=== Data supplied ===

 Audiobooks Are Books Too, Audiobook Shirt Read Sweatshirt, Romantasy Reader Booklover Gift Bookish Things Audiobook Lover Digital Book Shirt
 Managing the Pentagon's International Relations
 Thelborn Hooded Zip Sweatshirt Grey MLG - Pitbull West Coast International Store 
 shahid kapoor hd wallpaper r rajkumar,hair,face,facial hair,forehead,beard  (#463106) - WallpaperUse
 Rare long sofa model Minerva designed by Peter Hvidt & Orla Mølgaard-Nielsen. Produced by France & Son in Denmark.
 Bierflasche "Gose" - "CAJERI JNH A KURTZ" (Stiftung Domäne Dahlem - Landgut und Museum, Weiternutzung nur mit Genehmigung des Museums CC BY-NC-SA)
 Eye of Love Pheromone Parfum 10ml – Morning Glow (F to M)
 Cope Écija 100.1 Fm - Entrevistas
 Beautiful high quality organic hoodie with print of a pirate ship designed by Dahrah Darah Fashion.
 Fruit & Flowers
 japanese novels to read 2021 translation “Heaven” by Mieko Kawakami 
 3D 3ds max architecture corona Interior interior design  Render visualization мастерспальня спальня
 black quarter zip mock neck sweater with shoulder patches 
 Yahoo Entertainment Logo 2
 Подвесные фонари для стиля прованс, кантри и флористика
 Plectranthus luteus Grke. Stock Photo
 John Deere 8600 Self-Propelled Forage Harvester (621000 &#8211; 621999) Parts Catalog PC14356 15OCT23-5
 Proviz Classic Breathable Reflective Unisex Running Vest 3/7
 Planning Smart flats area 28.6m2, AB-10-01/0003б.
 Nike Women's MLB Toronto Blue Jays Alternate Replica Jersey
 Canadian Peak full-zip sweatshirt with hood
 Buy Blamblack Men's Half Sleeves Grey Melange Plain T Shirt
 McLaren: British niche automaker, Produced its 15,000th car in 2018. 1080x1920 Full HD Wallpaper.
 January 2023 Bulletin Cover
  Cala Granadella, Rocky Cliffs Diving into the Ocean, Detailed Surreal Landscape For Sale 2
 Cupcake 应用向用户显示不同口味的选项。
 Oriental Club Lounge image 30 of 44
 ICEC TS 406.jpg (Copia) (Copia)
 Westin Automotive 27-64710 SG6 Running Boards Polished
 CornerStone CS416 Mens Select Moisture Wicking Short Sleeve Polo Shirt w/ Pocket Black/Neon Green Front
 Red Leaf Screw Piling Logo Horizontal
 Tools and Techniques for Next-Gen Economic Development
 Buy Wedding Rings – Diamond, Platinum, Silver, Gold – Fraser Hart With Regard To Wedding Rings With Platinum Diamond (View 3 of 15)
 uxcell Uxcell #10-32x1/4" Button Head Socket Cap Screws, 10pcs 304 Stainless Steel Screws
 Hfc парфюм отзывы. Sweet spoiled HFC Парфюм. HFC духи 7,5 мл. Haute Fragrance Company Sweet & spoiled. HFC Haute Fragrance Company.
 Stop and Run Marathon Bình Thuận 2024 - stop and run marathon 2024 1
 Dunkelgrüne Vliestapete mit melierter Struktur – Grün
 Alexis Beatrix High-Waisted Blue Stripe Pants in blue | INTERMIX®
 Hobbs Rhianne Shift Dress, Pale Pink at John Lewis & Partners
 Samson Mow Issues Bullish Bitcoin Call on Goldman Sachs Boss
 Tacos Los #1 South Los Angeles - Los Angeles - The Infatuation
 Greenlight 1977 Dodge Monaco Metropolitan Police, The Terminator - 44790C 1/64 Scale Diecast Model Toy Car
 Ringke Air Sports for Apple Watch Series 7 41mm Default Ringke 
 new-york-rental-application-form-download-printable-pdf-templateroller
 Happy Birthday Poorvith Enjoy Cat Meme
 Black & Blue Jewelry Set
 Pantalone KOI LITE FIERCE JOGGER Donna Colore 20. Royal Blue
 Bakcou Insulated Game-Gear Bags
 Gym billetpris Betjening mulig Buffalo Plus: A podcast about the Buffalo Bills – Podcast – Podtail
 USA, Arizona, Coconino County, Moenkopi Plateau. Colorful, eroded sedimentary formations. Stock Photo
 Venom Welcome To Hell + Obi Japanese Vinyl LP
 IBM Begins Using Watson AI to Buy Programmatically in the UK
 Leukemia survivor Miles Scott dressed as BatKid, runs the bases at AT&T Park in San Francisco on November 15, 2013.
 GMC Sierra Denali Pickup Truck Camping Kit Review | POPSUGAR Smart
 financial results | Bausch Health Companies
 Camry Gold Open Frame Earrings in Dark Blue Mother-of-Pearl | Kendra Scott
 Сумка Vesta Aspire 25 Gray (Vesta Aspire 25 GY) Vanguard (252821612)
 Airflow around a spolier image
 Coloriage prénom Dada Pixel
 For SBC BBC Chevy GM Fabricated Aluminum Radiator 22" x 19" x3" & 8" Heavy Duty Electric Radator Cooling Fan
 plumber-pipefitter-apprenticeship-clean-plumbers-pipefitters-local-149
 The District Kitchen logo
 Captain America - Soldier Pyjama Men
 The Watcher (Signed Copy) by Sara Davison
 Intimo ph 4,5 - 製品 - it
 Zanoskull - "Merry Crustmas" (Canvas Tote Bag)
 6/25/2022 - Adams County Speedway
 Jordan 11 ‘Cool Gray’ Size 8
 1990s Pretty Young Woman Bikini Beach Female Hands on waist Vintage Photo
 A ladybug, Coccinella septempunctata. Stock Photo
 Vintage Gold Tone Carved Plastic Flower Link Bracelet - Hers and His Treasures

===

**Exercise goal**. Precisely the lines between those holding "Airflow around a spolier image" and "A ladybug, Coccinella", inclusive, are to be reproduced from the listing above, with nothing added.

**Response to this exercise**.
 Airflow around a spolier image
 Coloriage prénom Dada Pixel
 For SBC BBC Chevy GM Fabricated Aluminum Radiator 22" x 19" x3" & 8" Heavy Duty Electric Radator Cooling Fan
 plumber-pipefitter-apprenticeship-clean-plumbers-pipefitters-local-149
 The District Kitchen logo
 Captain America - Soldier Pyjama Men
 The Watcher (Signed Copy) by Sara Davison
 Intimo ph 4,5 - 製品 - it
 Zanoskull - "Merry Crustmas" (Canvas Tote Bag)
 6/25/2022 - Adams County Speedway
 Jordan 11 ‘Cool Gray’ Size 8
 1990s Pretty Young Woman Bikini Beach Female Hands on waist Vintage Photo
 A ladybug, Coccinella septempunctata. Stock Photo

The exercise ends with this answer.